There was a silence. Pascal stared at him.

“You took her off this story last night?”

“I most certainly did. And in the end, she agreed. She argued first, of course—in fact, she was fucking rude to me, but never mind that.” Jenkins gave him a small gleaming look. “Gini’s never liked me, I’m afraid. She accused me of bowing to pressure from outside, from our dear proprietor Melrose, and Melrose’s friend, the ambassador.” He paused, eyeing Pascal. “I told her I was killing this story, so I suppose she had some justification.”

“And
are
you killing this story?”

“No, Pascal. I’m not.”

He rose, moved across to the large plate-glass windows, looked out thoughtfully for a while, then turned back. The light winked against his spectacles. He gave Pascal a sharp look. “Gini seems to think I’m a pushover. Some kind of poodle. Well, she’ll learn in due course. You don’t get where I’ve gotten by being weak. And you don’t advance your career long-term by bowing and scraping when some boring old fart like Melrose snaps his fingers. What you do is, you smile, and you say
yes, Lord Melrose, of course, Lord Melrose
—and then you carry right on. Only you take a more devious approach. Save the direct confrontation for when it really counts….” He smiled. “Like, about fifteen seconds before the presses start rolling. Or even later, when the papers actually hit the streets. That way, if the story’s good enough, he doesn’t dare to fire you. And if he does, you’re still a hero, the fearless editor.” He grinned suddenly, “Eat shit, Melrose, because I’ve got five other job offers. That’s my general approach.”

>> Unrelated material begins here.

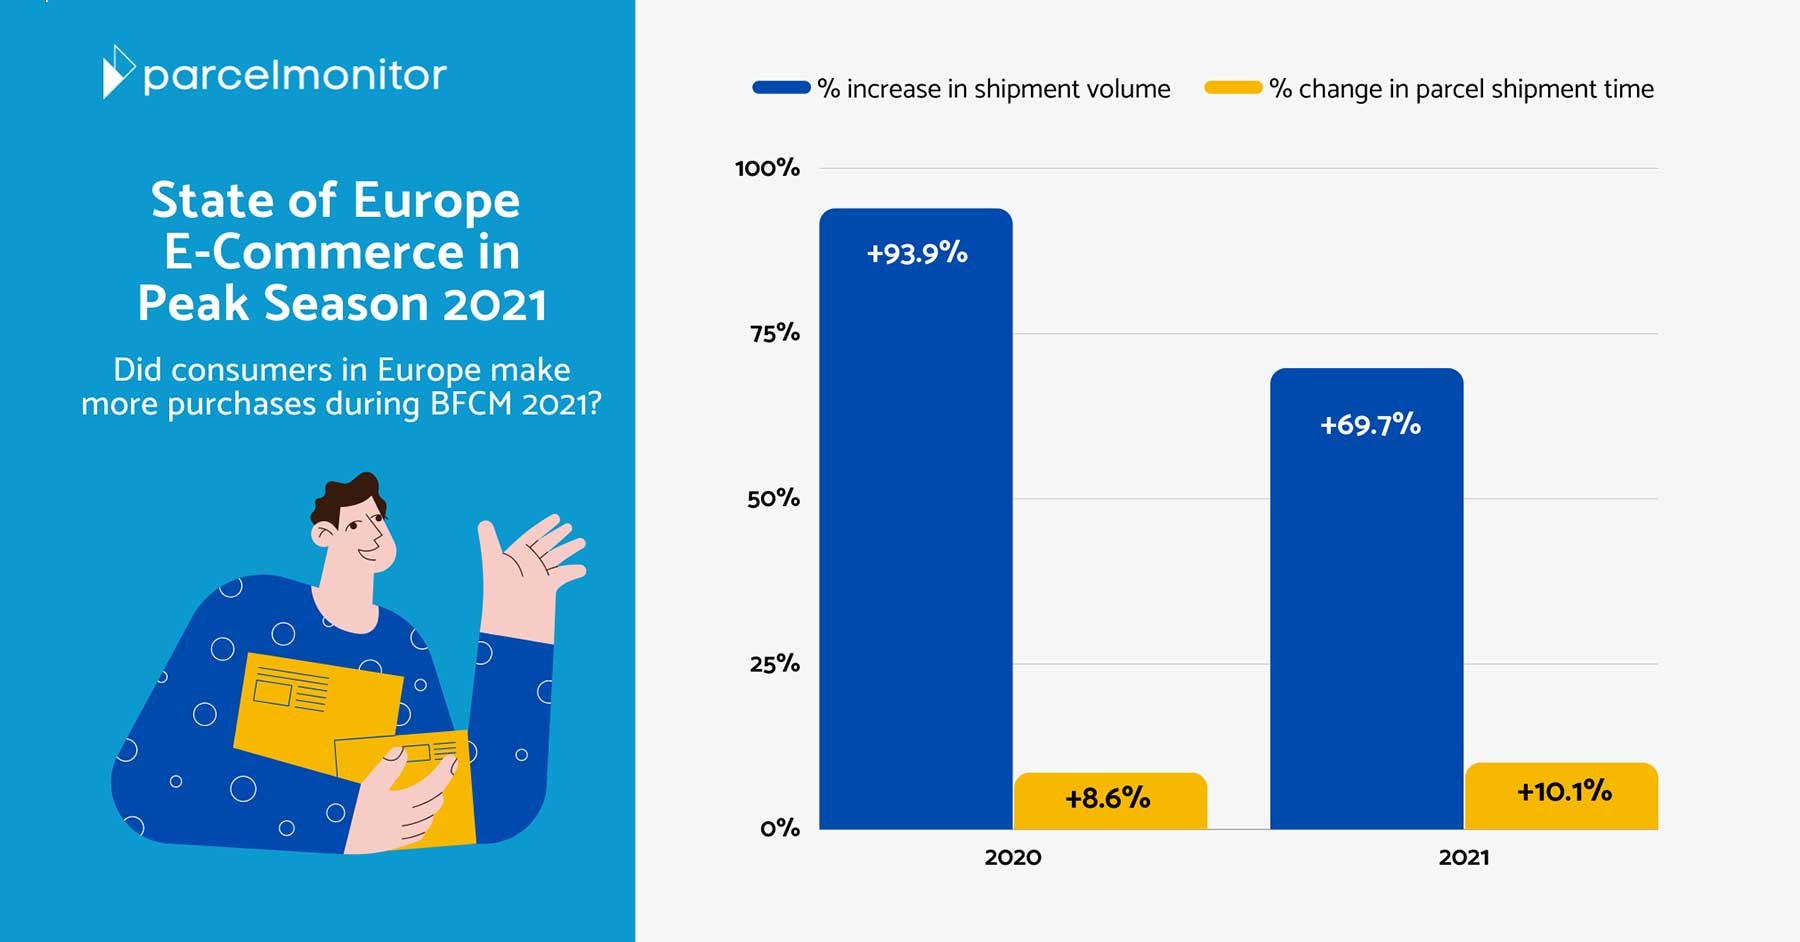 State of Europe E-Commerce in Peak Season 2021 Featured Image
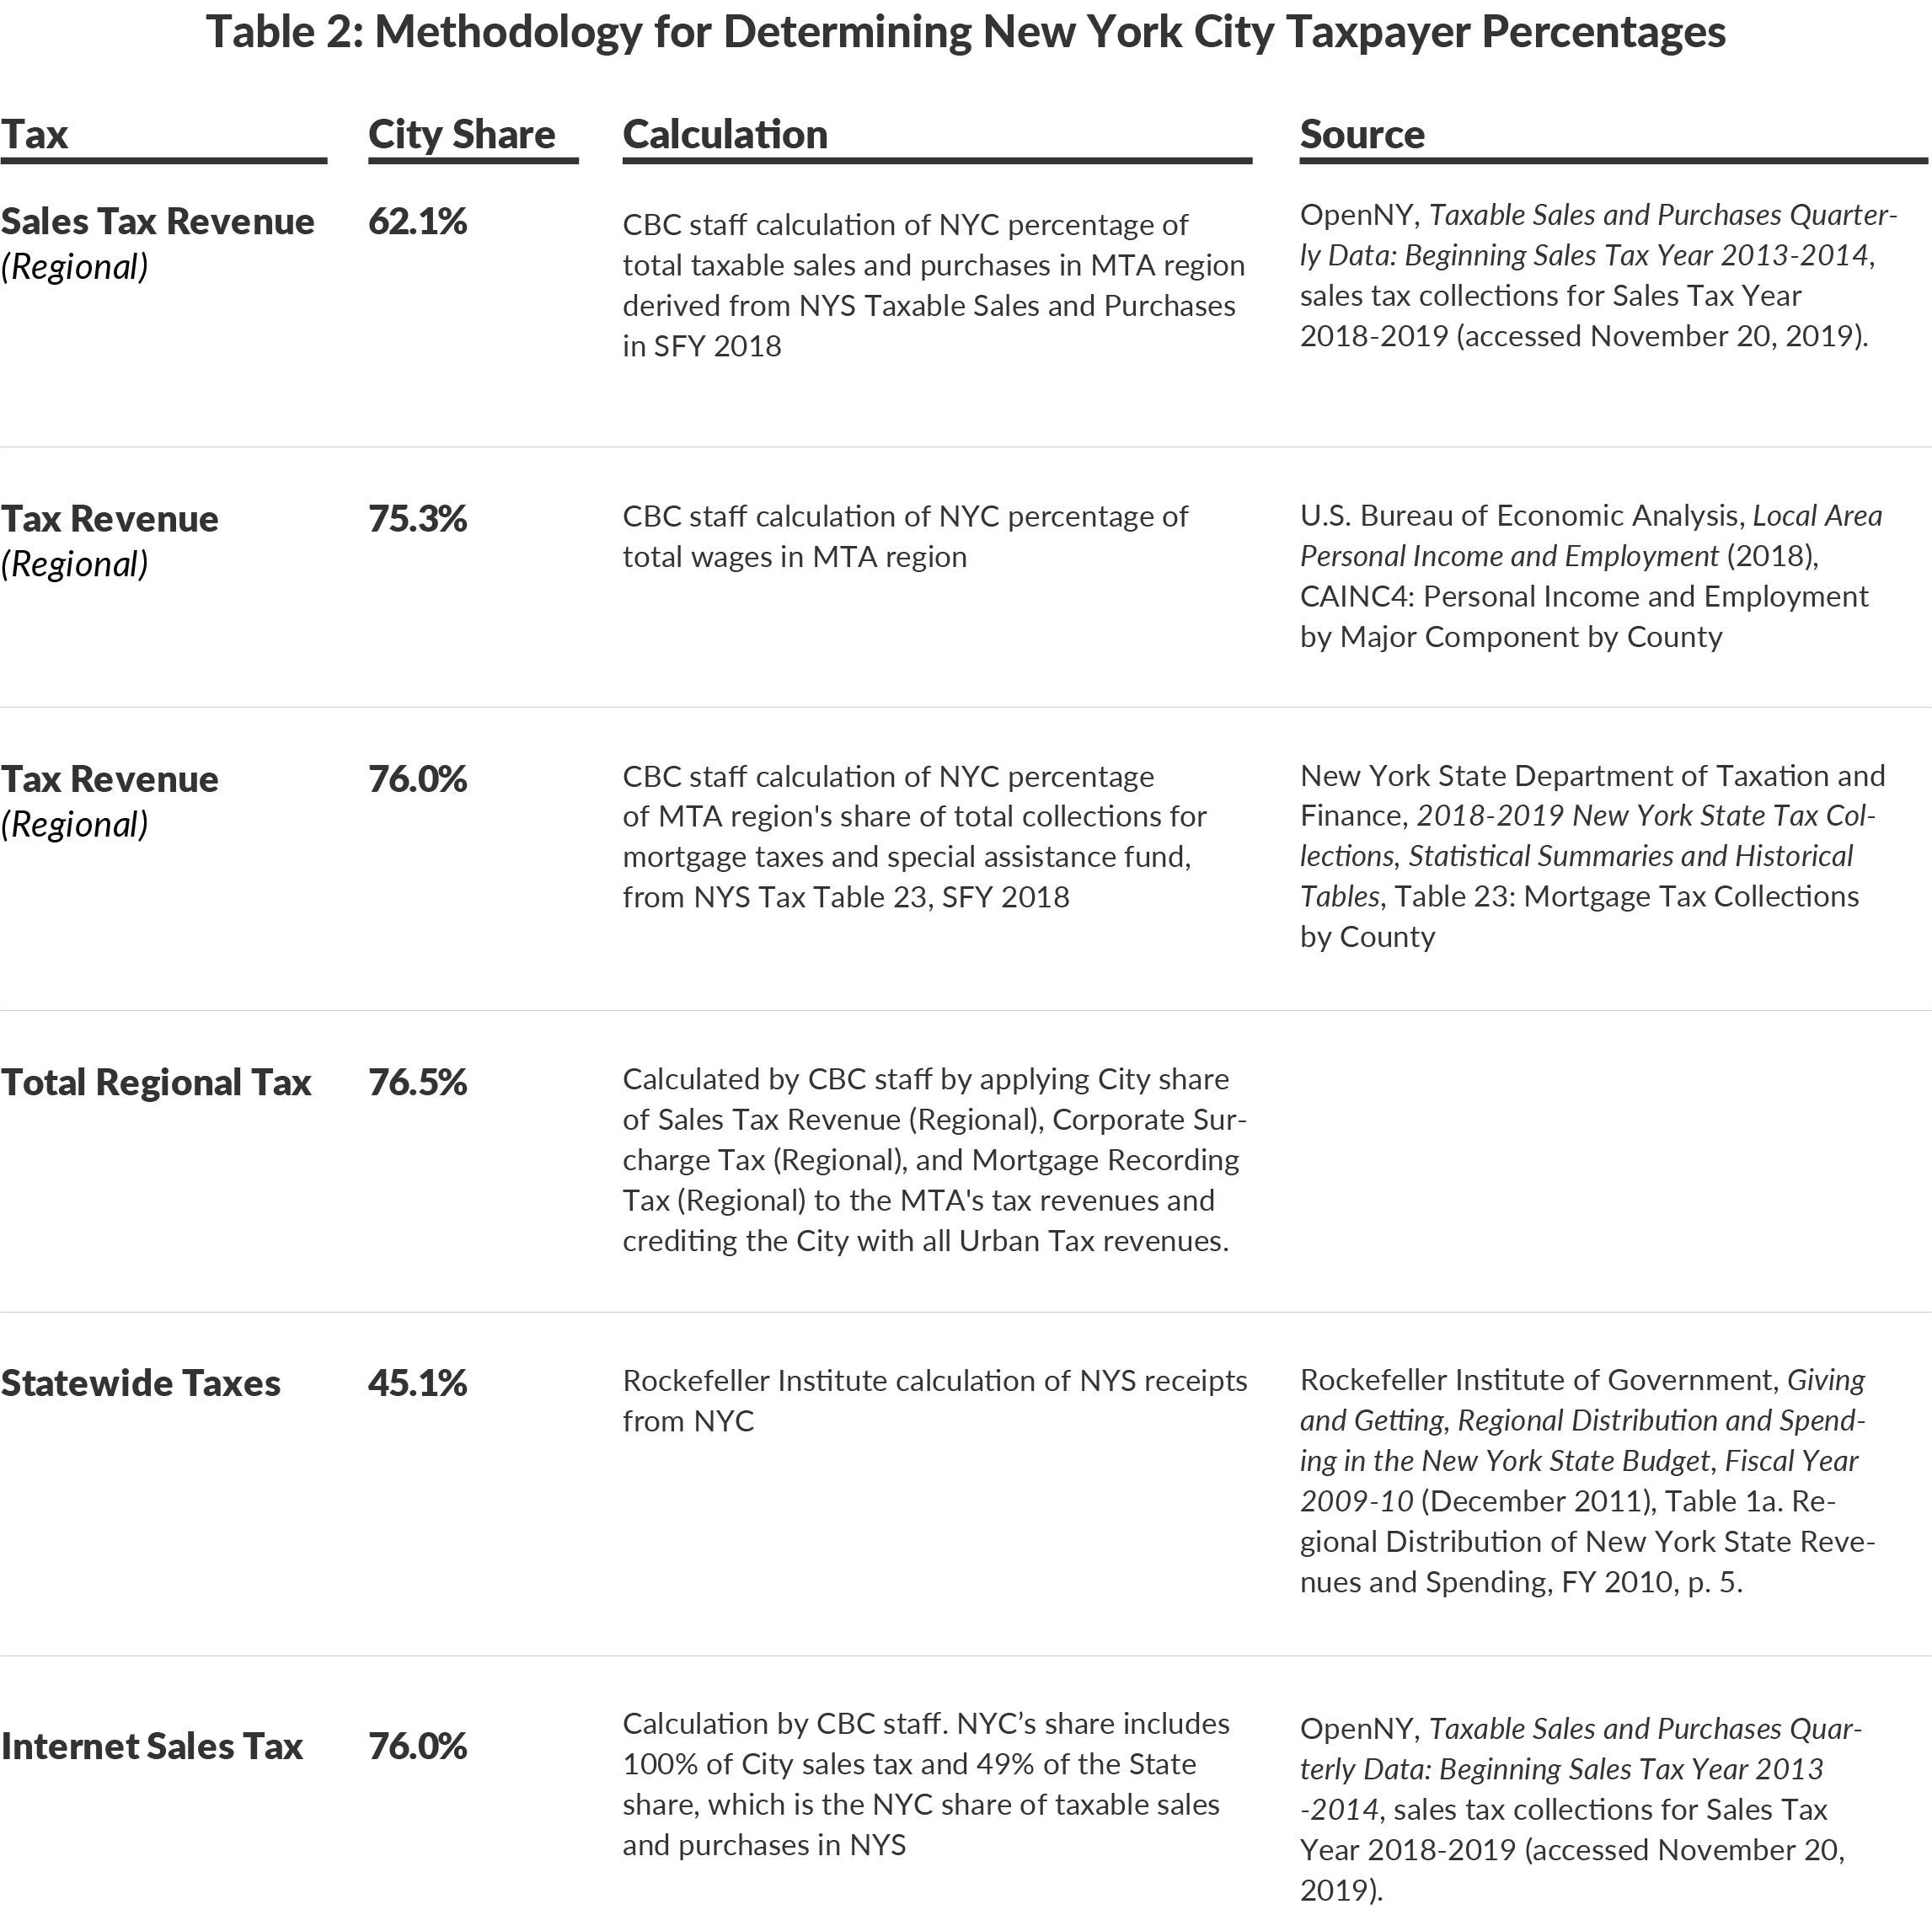 Table 2: Methodology for Determining New York City Taxpayer Percentages

There was a silence. Pascal extinguished one cigarette, then lit another. He said slowly, “I think you’d better bring me up-to-date. Obviously, a lot has been happening that I’ve missed.”

“Oh, a very great deal.” Jenkins gave a knowing smile and returned to his desk. He sat down. He picked up one of the phones on his desk. “Hold all calls for fifteen minutes, Charlotte.
All
calls, you’ve got that?” He replaced the receiver and gave Pascal a long, assessing look. “When did you last get some sleep?” he said. “You look like hell, do you know that?”